The defendant being recalled, after some objections^ testified: “That at the time he wrote the letters of date respectively Oct. 24th, 1904, and July 31st, 1905, he thought he was bound and had not consulted an attorney, and he did not consult an attorney till time that action was taken against Mr. Close on the note sued on; *354that up to this time he thought and believed he was bound, that he then consulted with one attorney at law.”

It is not necessary to state other evidence adduced. Other questions asked the defendant as to his belief of his liability on the endorsement when he wrote the letters and whether he consulted counsel after the letters were written were excluded. The defendant reserved exceptions and assigns errors on the rulings. In view of the testimony of the defendant on these points admitted in evidence as above stated, there is no reversible error in the rulings complained of.

Error is assigned on the rulings of the court that the plaintiff have the opening and conclusion of the argument.

In the absence of a statute or rule upon the subject, where the plaintiff has anything to prove in order to get a verdict, whether in an action ex contractu or ex delicio, and whether to establish his right of action or to' fix the amount of his damages, the right to begin and conclude the argument to the jury belongs to the plaintiff.
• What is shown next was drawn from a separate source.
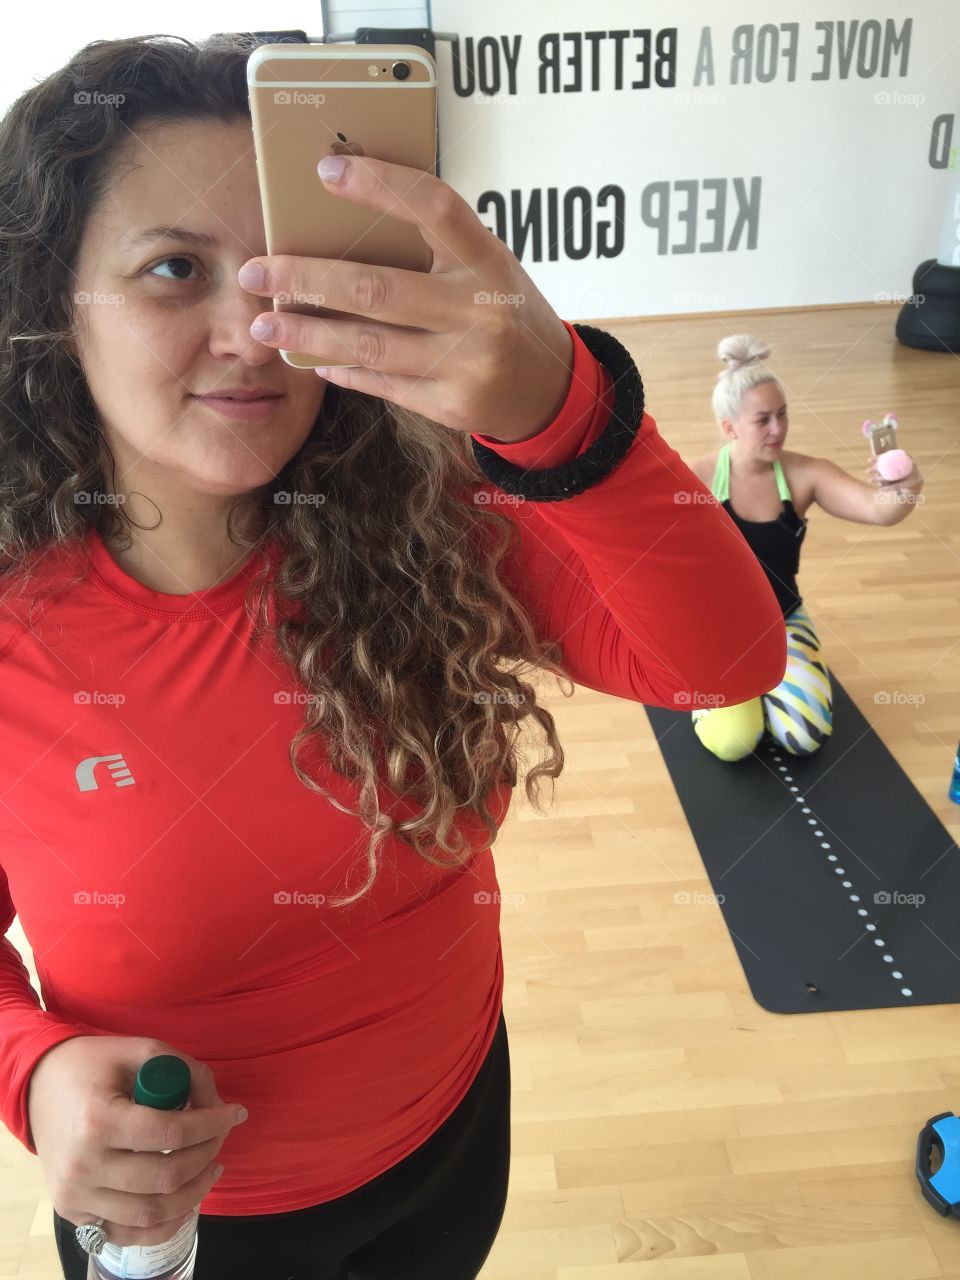 Gym selfie 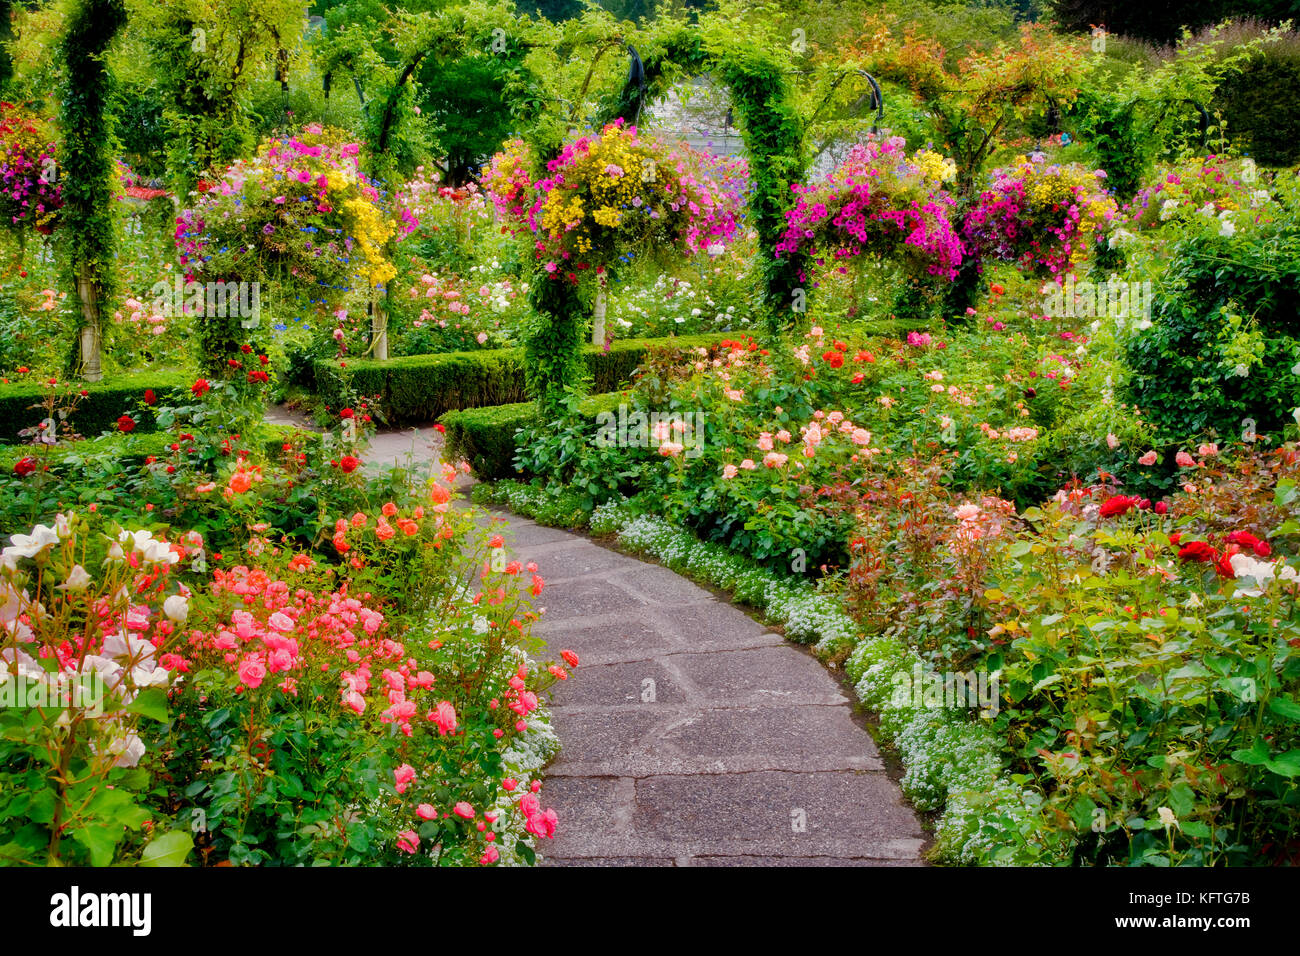 Pathway with flowers. Butchart Gardens, B.C. Canada Stock Photo - Alamy

The unvarying test to be applied is which party would, upon the pleadings and record admissions and without any proof, be entitled to a verdict. If the plaintiff would succeed on the pleadings alone, the defendant may begin and conclude the argument; if the defendant would succeed, then there is something for the plaintiff to prove at the outset, and the plaintiff may begin and conclude the argument to the jury.

Where there are several issues and the plaintiff has anything to prove under any one of them in the first instance, in order to recover, the right to open and dose the argument is with him.
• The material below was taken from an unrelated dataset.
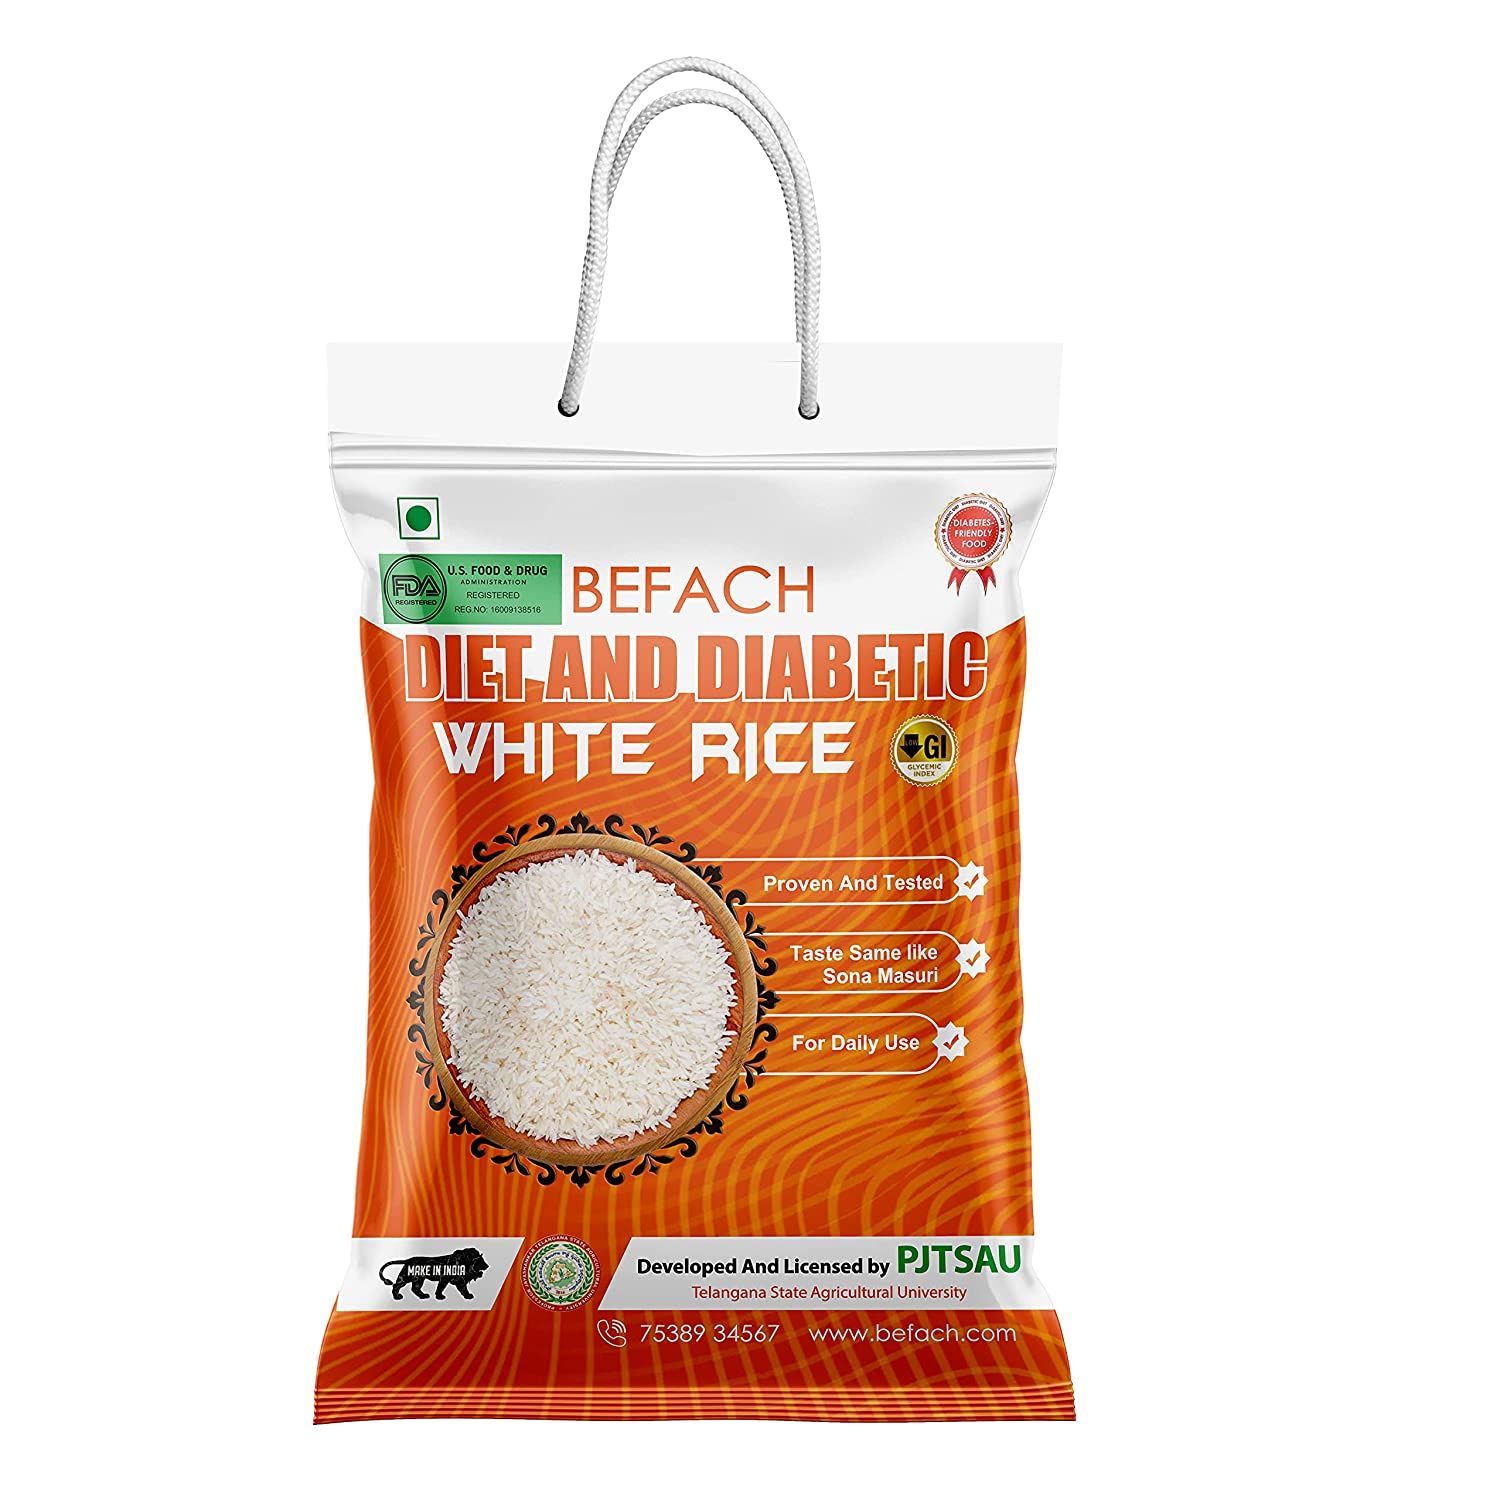 Befach 4X Diabetic White Rice Image

In every case where the general issue, or a general or special denial is pleaded, the right to open and close is with the plaintiff, for then he'has something to prove in *355the first instance, no matter what may be the nature of the controversy, or what special defenses may be set up. 1 Thomp. on Trials, Chap. 228 et seq.; Abbotts Trial Brief 395; Brunswick & W. R. Co. v. Wiggins, 113 Ga. 812, 39 S. E. Rep. 551, S. C. 61 L. R. A. 513 and exhaustive note.

In this case the action is on a promissory note but there is a common count and a plea of the general issue which requires the plaintiff to prove something at least before he can recover, therefore the court properly ruled that the right to open and conclude the argument to the jury was with the plaintiff.

No other points are argued and no errors appearing the judgment is affirmed.

All concur, except Hocker, J., absent.